Plot motif logos using compare_motifs2() alignment (v2).

Description

view_motifs2() is the leaner counterpart of view_motifs(): it aligns the input motifs using the same Pearson-correlation backend used by compare_motifs2() and merge_motifs2(). The rendering (logo polygons, facet_wrap() layout, sort.by permutation, names.pos placement) is identical to view_motifs().

Usage

view_motifs2(motifs, use.type = "ICM", tryRC = TRUE, min.overlap = 6,
  relative_entropy = FALSE, nthreads = 1, return.raw = FALSE,
  dedup.names = TRUE, show.positions = TRUE, show.positions.once = TRUE,
  sort.by = c("none", "ic", "similarity"), show.names = TRUE,
  names.pos = c("top", "right"), use.freq = 1, colour.scheme = NULL,
  fontDF = NULL, min.height = 0.01, x.spacer = if (use.freq == 1) 0.04
  else 0.1, y.spacer = 0.01, sort.positions = !use.type %in% c("PCM",
  "PPM"), sort.positions.decreasing = TRUE, text.size = 16,
  fit.to.height = if (use.type == "PPM") 1 else NULL, RC.text = " [RC]",
  flip.neg = FALSE)

Arguments

motifs

See convert_motifs() for accepted motif formats. DNA or RNA only.

use.type

character(1) One of c('PCM', 'PPM', 'PWM', 'ICM'). Controls the matrix type used for display.

tryRC

logical(1) Also test reverse-complement alignments. Default TRUE.

min.overlap

integer(1) Minimum overlap (in columns) for an alignment to be accepted. Default 6.

relative_entropy

logical(1) If TRUE, compute information content using the motif's background frequencies (relative-entropy ICM). Used only for display when use.type = "ICM".

nthreads

numeric(1) Number of threads for comparison. nthreads = 0 uses all available threads.

return.raw

logical(1) Instead of returning a plot, return the aligned named matrices used to generate the plot.

dedup.names

logical(1) Allow duplicate motif names to be silently disambiguated for plotting.

show.positions

logical(1) Show x-axis position tick labels.

show.positions.once

logical(1) When plotting multiple motifs, show x-axis position tick labels only once.

sort.by

character(1). Display order for multi-motif plots. One of "none" (default), "ic", or "similarity". Alignment is always performed with the highest-IC motif as the anchor; sort.by controls only the order in which the aligned motifs are shown.

show.names

logical(1) Add motif names when plotting multiple motifs.

names.pos

character(1) Motif name locations, either "top" or "right".

use.freq

numeric(1) Plot higher-order motifs from the multifreq slot.

colour.scheme

character Named character vector of colour names. Default colours are provided for DNA, RNA, and AA motifs if NULL.

fontDF

data.frame or DataFrame Polygon data for letters.

min.height

numeric(1) Minimum letter height to show, as a fraction of total plot height.

x.spacer

numeric(1) Horizontal spacing between letters.

y.spacer

numeric(1) Vertical spacing between letters.

sort.positions

logical(1) Sort letters vertically per position by height.

sort.positions.decreasing

logical(1) Sort direction.

text.size

numeric(1) Text size for labels.

fit.to.height

numeric(1) Normalise per-position height.

RC.text

character(1) Text appended to motif names shown as their reverse complement.

flip.neg

logical(1) Flip letters with negative heights.

Details

DNA and RNA only. For amino-acid or custom-alphabet motifs use view_motifs().

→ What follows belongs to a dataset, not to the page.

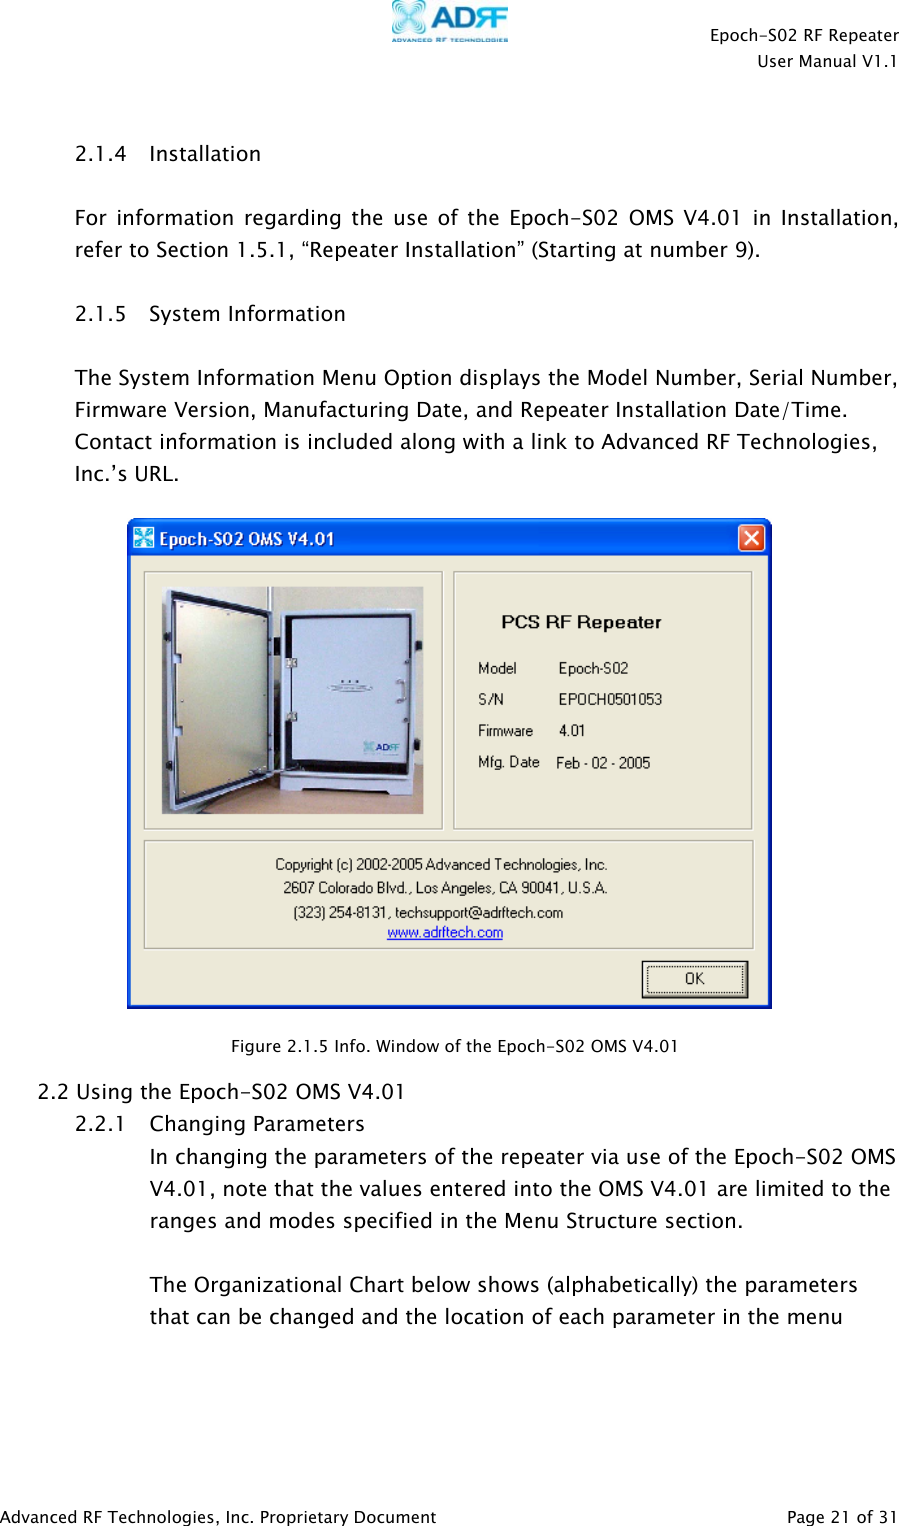    Epoch-S02 RF Repeater  User Manual V1.1   2.1.4 Installation  For information regarding the use of the Epoch-S02 OMS V4.01 in Installation, refer to Section 1.5.1, “Repeater Installation” (Starting at number 9).   2.1.5 System Information  The System Information Menu Option displays the Model Number, Serial Number, Firmware Version, Manufacturing Date, and Repeater Installation Date/Time.  Contact information is included along with a link to Advanced RF Technologies, Inc.’s URL.    Figure 2.1.5 Info. Window of the Epoch-S02 OMS V4.01 2.2 Using the Epoch-S02 OMS V4.01 2.2.1 Changing Parameters In changing the parameters of the repeater via use of the Epoch-S02 OMS V4.01, note that the values entered into the OMS V4.01 are limited to the ranges and modes specified in the Menu Structure section.  The Organizational Chart below shows (alphabetically) the parameters that can be changed and the location of each parameter in the menu     Advanced RF Technologies, Inc. Proprietary Document   Page 21 of 31

The alignment step uses the same backend as merge_motifs2() and merge_similar2(). The highest-information-content input motif is chosen as the anchor, every other motif is aligned against it once, motifs whose best alignment lands on the reverse complement strand are reverse-complemented before display, and all motifs are placed in a shared column frame with zero-padding on either side as needed. The padded matrices then flow through the same logo-rendering pipeline used by view_motifs().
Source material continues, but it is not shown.